On the eve of the primary election, I thought I should bring to your attention an excellent article I read on vacation. The story — headlined “Is being a congressperson the worst job in America?” — appeared in the most recent edition of City Pages, an alternative weekly in the Twin Cities.
I guess the headline (and the one on the cover, seen at left) rather gives it away: The answer is yes, it is the worst job in America. The article gives eight reasons why the job is so bad, backed up by facts and anecdotes. Here are three of the reasons:
1) Think of your day as a Bataan Death March of meetings.
2) You will beg treasure from complete strangers.
3) You’re only one slip away from national ridicule.
All of which bring up the old question: Why should you vote for anyone deranged enough to want the job?
I’m afraid I can’t answer that. But it does make you wonder about those politicians. The City Pages article leans toward the idea that people run for Congress because of their hideously inflated egos, which make them think that even the horrors of Congress are worth the fleeting fame.
That’s part of it, but there are other reasons, most of them as bad, or even worse. One common motivator these days is a hideously inflated sense of self-righteousness, also known as the Tea Party Effect. People possessed of this mindset think they know exactly what is wrong with everything, and that they possess precisely the right solution for every problem besetting the Republic. And that if you disagree with them, you are a willful idiot. And probably a traitor.
And let’s face it, a lot of politicians apparently run because it seems like the next thing they should do in a career they don’t recall choosing. It’s a lovely spring Monday so I won’t name names, but anyone who follows Montana politics at all closely knows this is no rare breed.
These kinds of politicians might have gotten started in high school or college politics out of a vague sense of public-spiritedness, gotten elected through dumb luck, simple accident or because of an honest-seeming name, and then just kept progressing up the political ladder. They kind of want to win because they know that’s something they’re supposed to want.A similar, much more annoying type of politician got started in high school or even elementary school politics because he or she (let’s face it; it’s usually a he) felt an almost religious calling to the profession. This is close to the outsize-ego factor, but it’s a bit different. These guys have simply always loved the mechanics of politics. They love shaking hands, giving speeches, attending meetings and knocking on doors. They even like calling people and asking for money, because that’s an integral part of politics and they love politics.
There is another class of politicians, much smaller in number but rather frightening up close. These politicians consider themselves very moral and upstanding, family men of unquestioned virtue. Except that deep in their hearts they don’t care for their wives or even their children.
So they hope, perhaps without knowing it, that they can be elected as family-values candidates and then go to Washington where they’ll be too busy to see their families, except when needed for photo ops. After a few months or a few years in Washington, laboring so mightly on behalf of the people, they will feel that having a fling with an intern is their reward, one that will not tarnish their family-values badge.

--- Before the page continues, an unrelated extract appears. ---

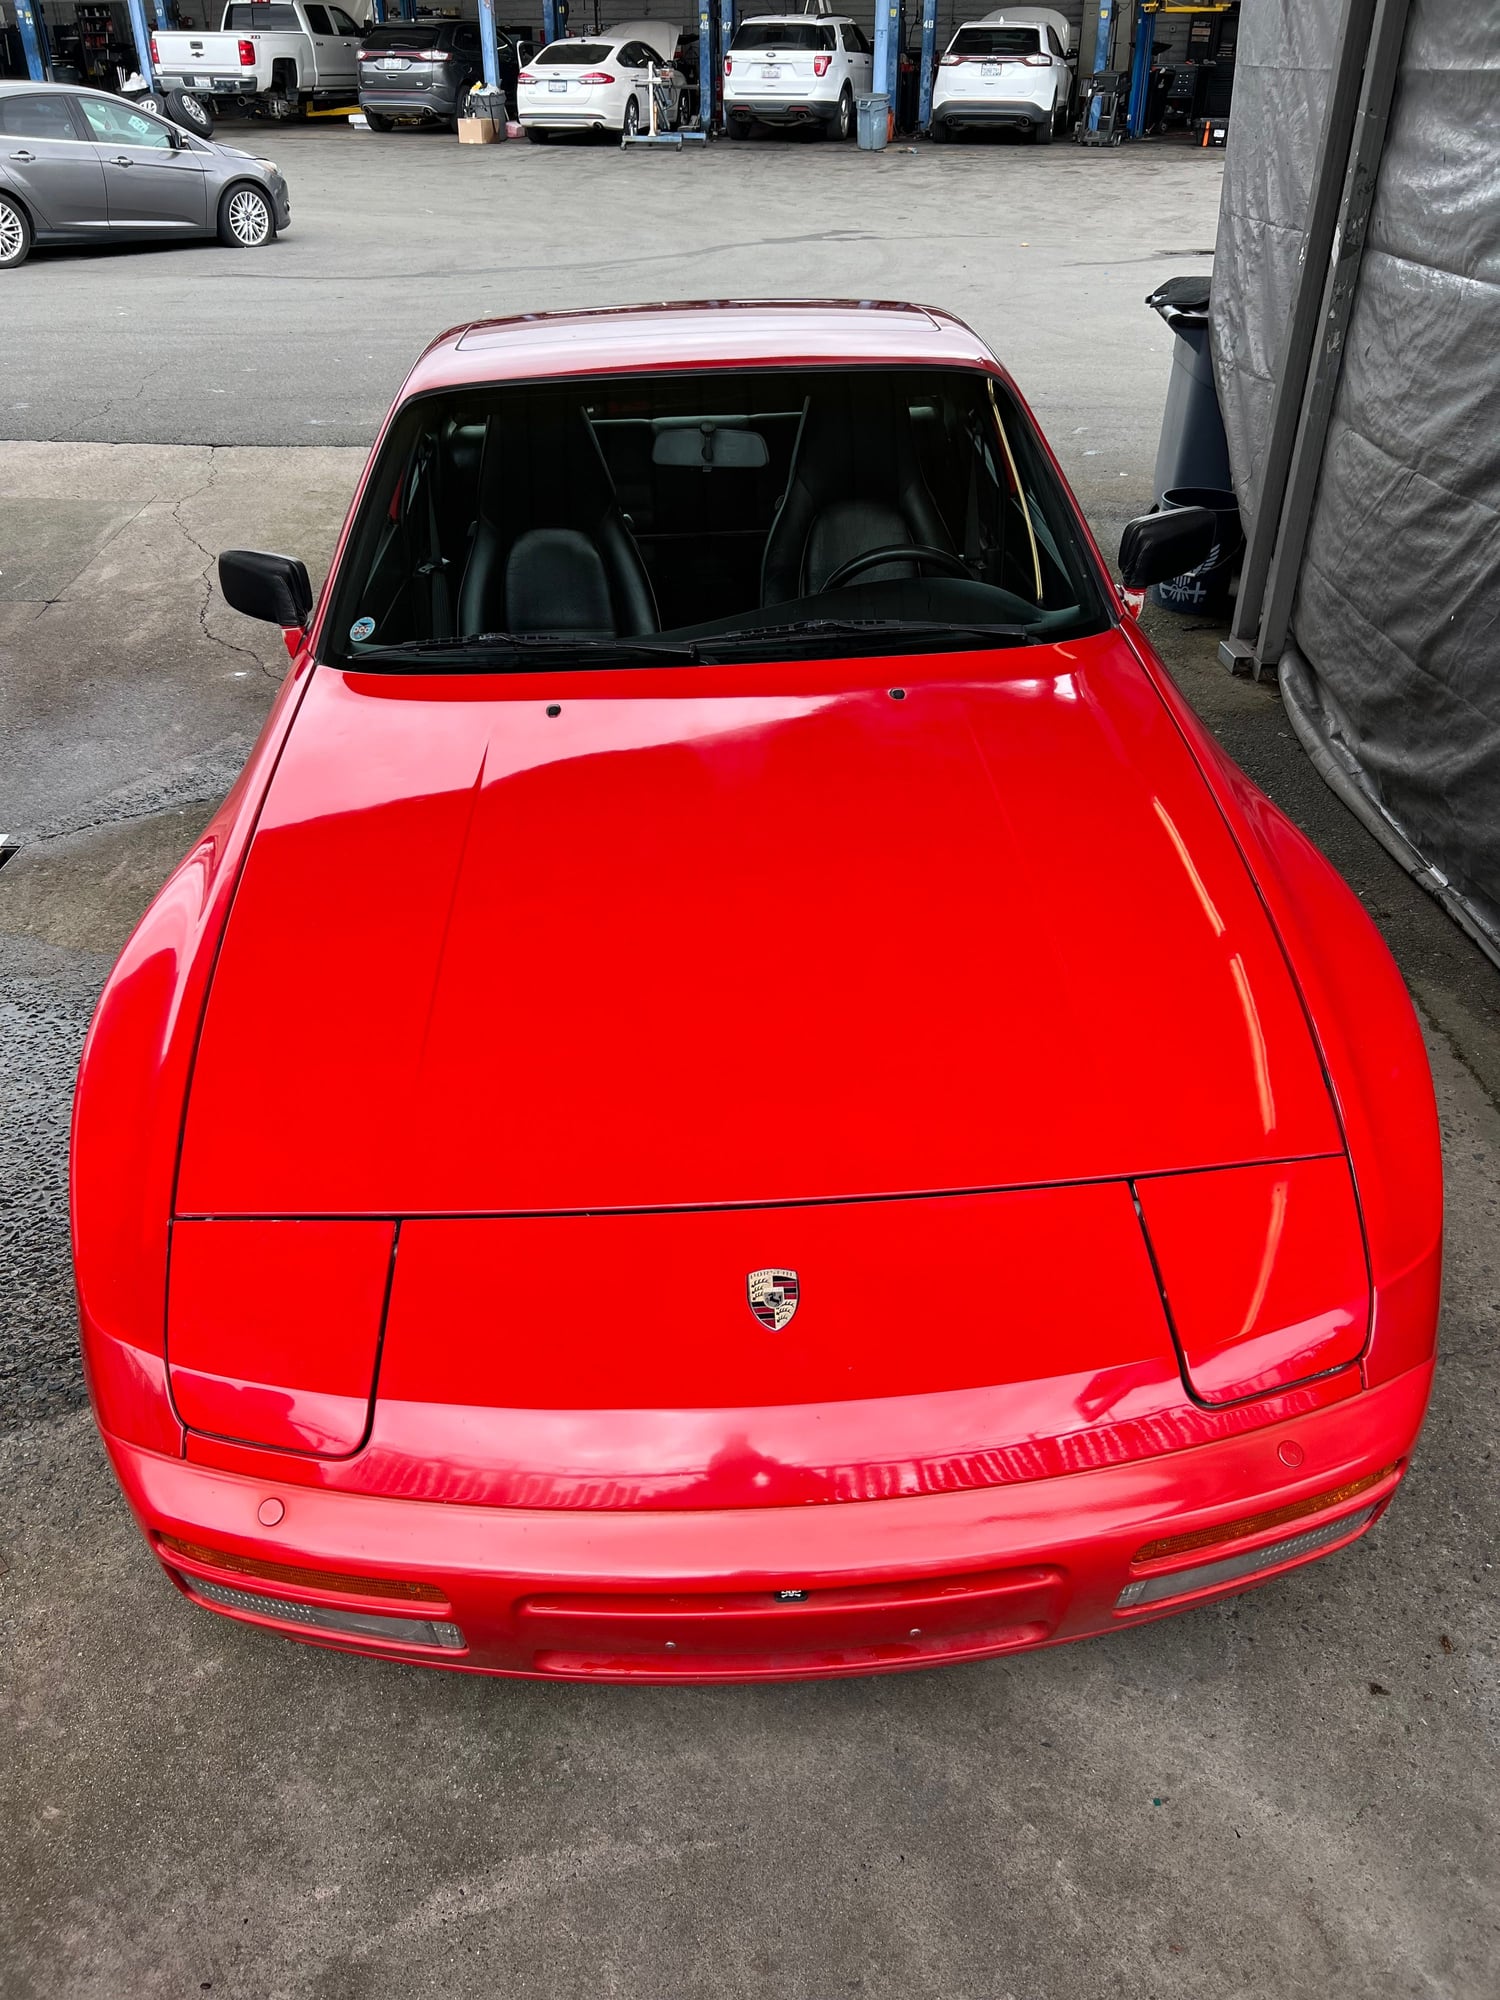 1987 Porsche 944 - 1987 Porsche 944 Turbo 2.8L ANDIAL 951 For Sale - Used - VIN WP0AA2950HN150264 - 4 cyl - 2WD - Manual - Coupe - Red - Vista, CA 92083, United States

Who else wants the job? Well, every so often a man or a woman of real intelligence and public mindedness wants to sit in the House to make the world a little better place. These folks delude themselves into thinking the soul-searing aspects of such service won’t affect them, or they are so Pollyanna-like that they don’t really believe it has that effect. These people are rarely elected.
I guess I’m feeling pretty cynical today, but see if you don’t feel the same way after reading the whole City Pages article yourself.